The running results are as follows:

= = = = = = = = = = = = = = = = test time stamp (accurate to seconds) = = = = = = = = = = = = = = = -- -- > use int64 code: 1600229610283 serialized data: [32, 85-90, 8 -, - 88-55, 46], the number of bytes: 7 --> : 1600229610283 Serialized data: [16, -85, -90, -8, -88, -55, 46], number of bytes: 7 --> : 1600229610283 Serialized data: [65, 43, 19, 30, -107, 116, 1, 0, 0], Number of bytes: 9 --> Serialized data with timeStamp code: 1600229610283: [106, 8, 8-64, 12, 16, 85, 90, 66, 109], the number of bytes: 10 = = = = = = = = = = = = = = = = test timestamp (accurate to milliseconds) = = = = = = = = = = = = = = = -- -- > use int64 code: Serialized data: [32, -8, -65, -21, -21, -25, -20, -21, 2], number of bytes: 9 --> encoded with uint64:1600229610283000 Serialized data: [16, -8, -65, -21, -21, -25, -20, -21, 2], number of bytes: 9 --> with fixed64 encoding: 1600229610283000 [65, -8, -33, 122, 125, 102, -81, 5, 0], number of bytes: 9 --> with timeStamp code: 1600229610283000 [27, 106, 10, 8 -, -, 43, 97, 16, 8, 37, 128, 93, 2], the number of bytes: 12

[Summary] In terms of memory occupation, the timeStamp provided by Google cannot reduce the memory occupation. After comprehensive comparison, it is suggested to use INT64 encoding for the timeStamp data.

4 summarizes

For integer data:

1. If there are negative numbers, it is recommended to use sint. 2, if all are positive, then uint, int, sint can be, but sint overcalculation Zigzag code, increase the calculation. It is recommended to use int by default, most likely sint for negative numbers. Note: There is no difference between Uint and int in Java, but there is a difference in C, so proto is designed with multiple platforms in mind. 3, if the proportion of large values is large, use fixed32 or fixed64.

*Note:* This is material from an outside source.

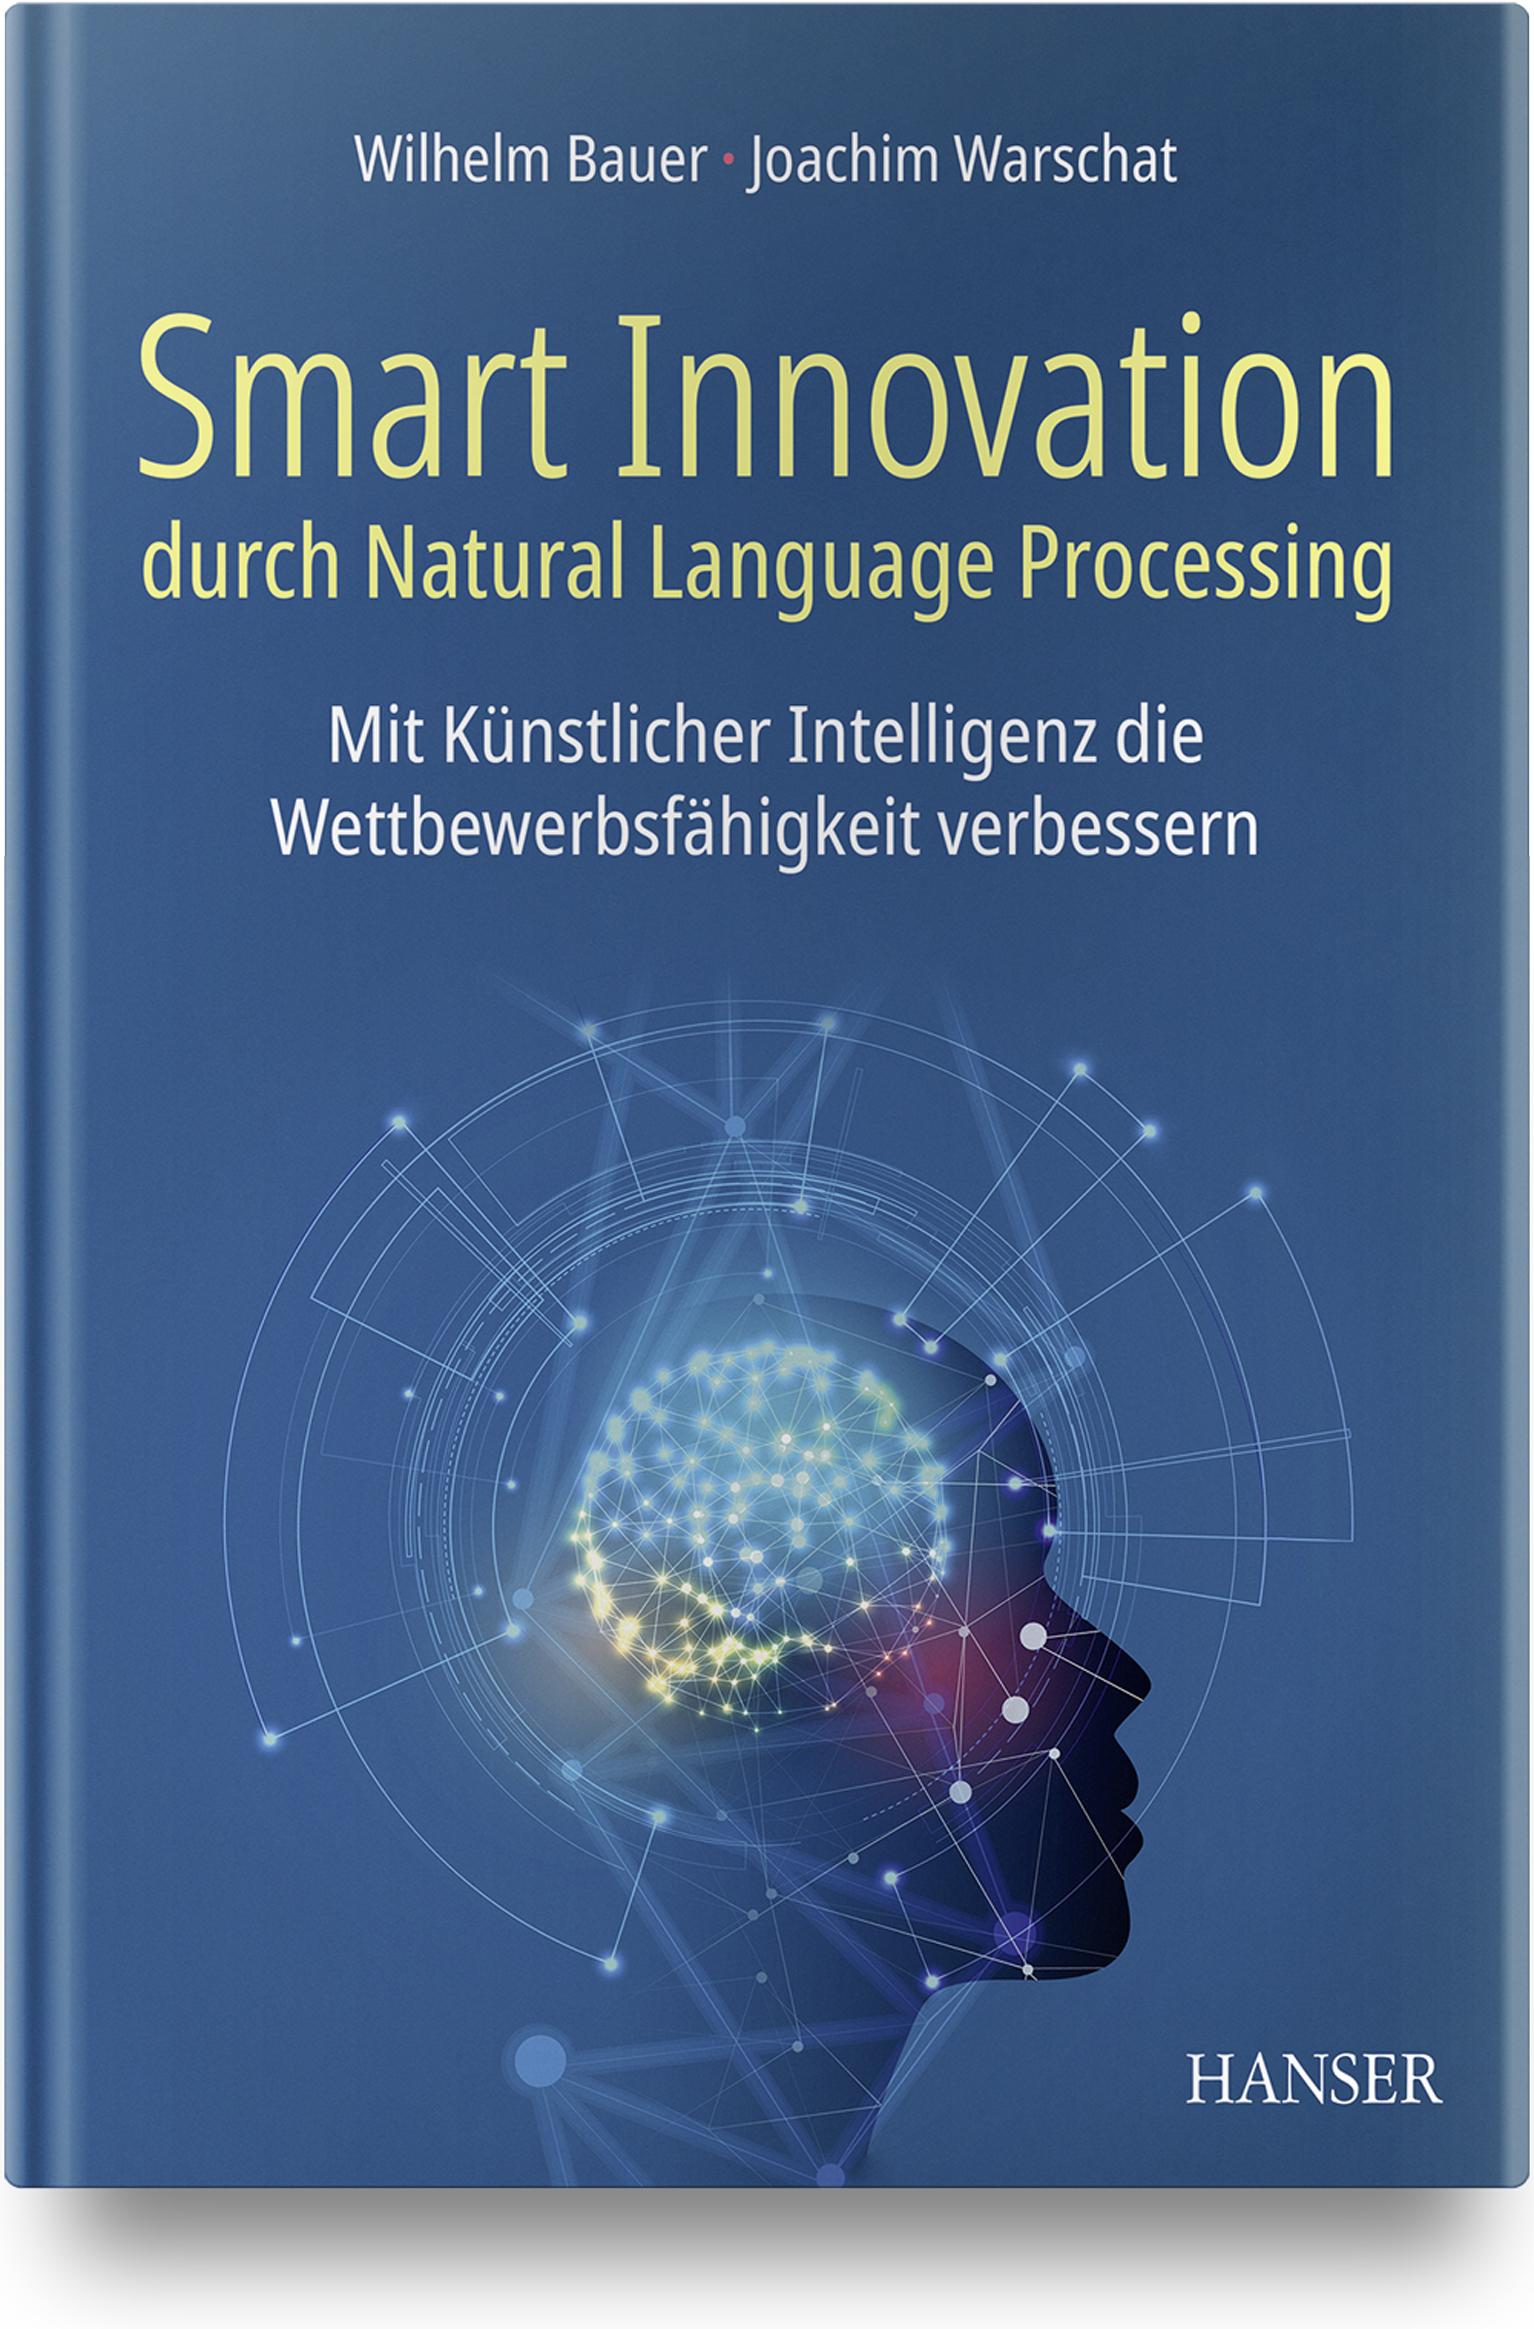 Bauer, Warschat, Innovation durch Natural Language Processing, 978-3-446-46262-5
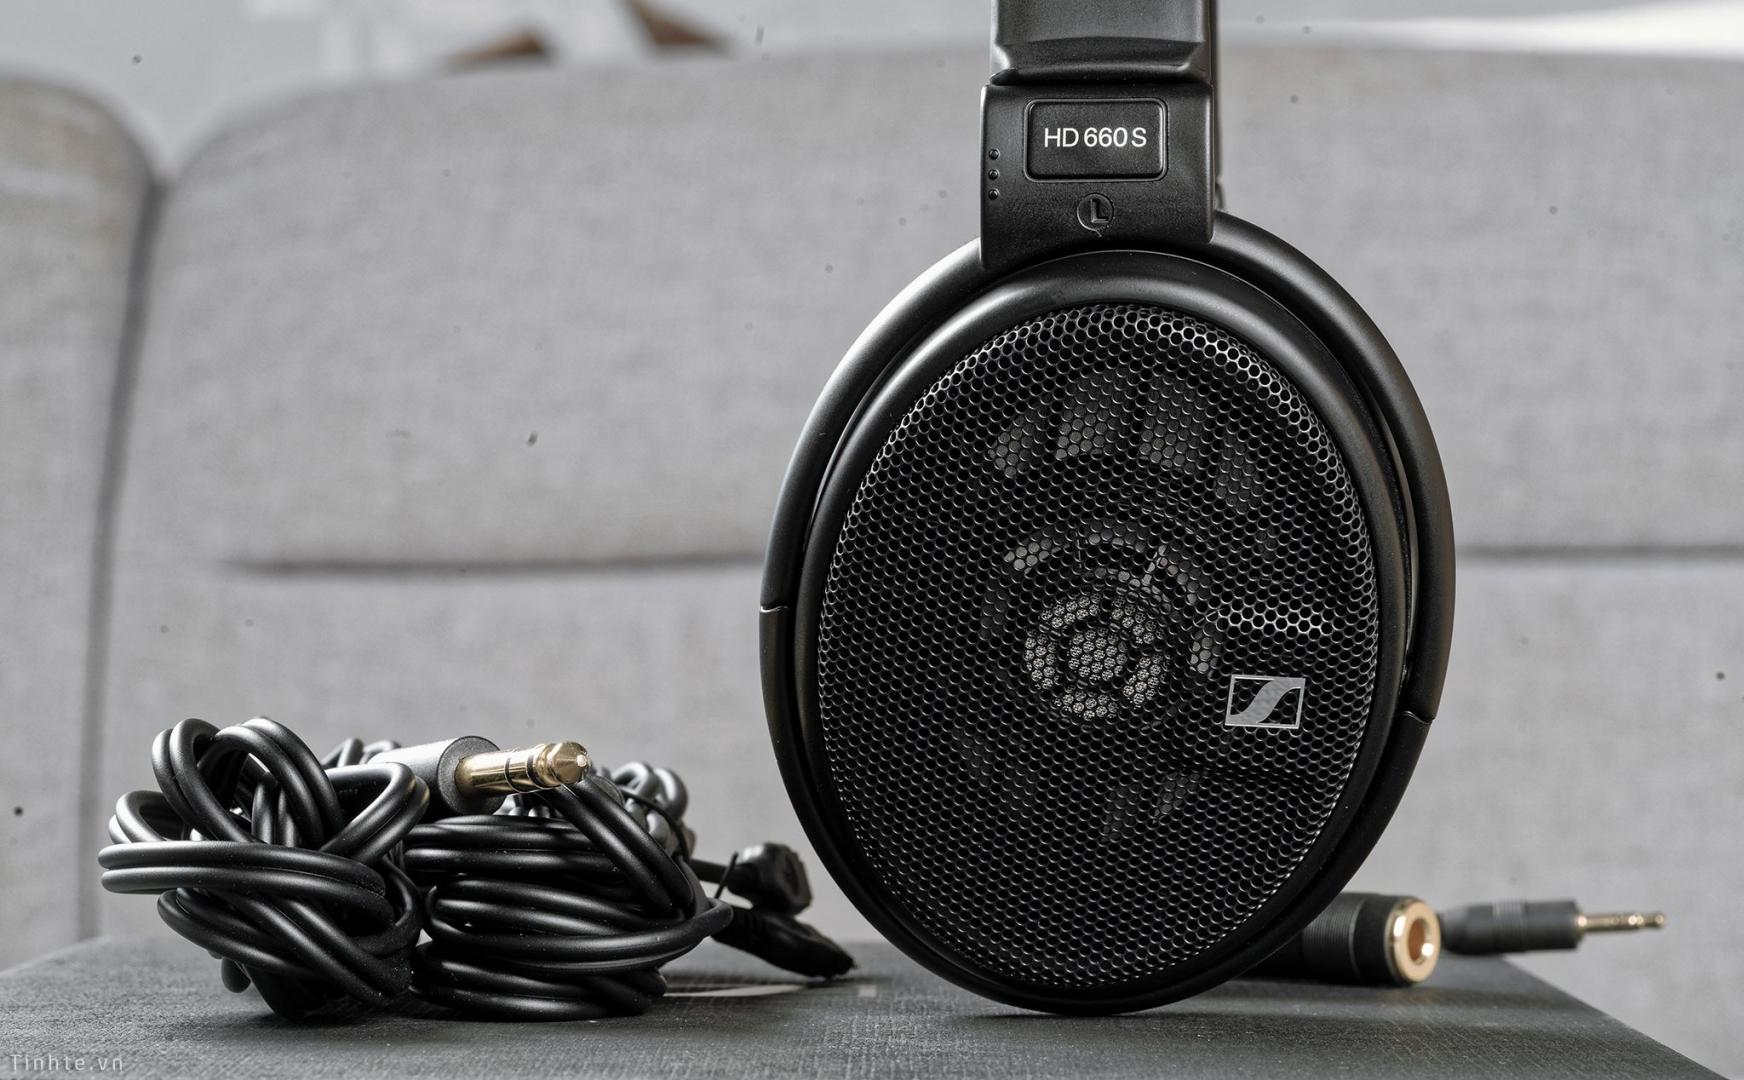 Đánh giá Sennheiser HD660s - Tiếng trong, khỏe, amplifier càng hay tiếng càng hay

For string data: Avoid Chinese characters.

For the timestamp: int64 encoding is recommended.

For floating point numbers such as coordinates: it is recommended to convert them to integer data, encoded with INT64

5 References

[2] Protobuf encoding implementation parsing (Java) [3] serialization: Protocol Buffer Serialization Protocol Buffer Serialization Protocol Buffer Serialization Protocol Buffer Serialization Protocol Buffer Serialization Protocol Buffer Serialization Protobuf: Protobuf: Protobuf: Protobuf: Protobuf: Protobuf: Protobuf: Protobuf: Protobuf: Protobuf: Protobuf: Protobuf: Protobuf: Protobuf [7] Language Guide (Proto3) [8] Float type (float, double) stored in memory?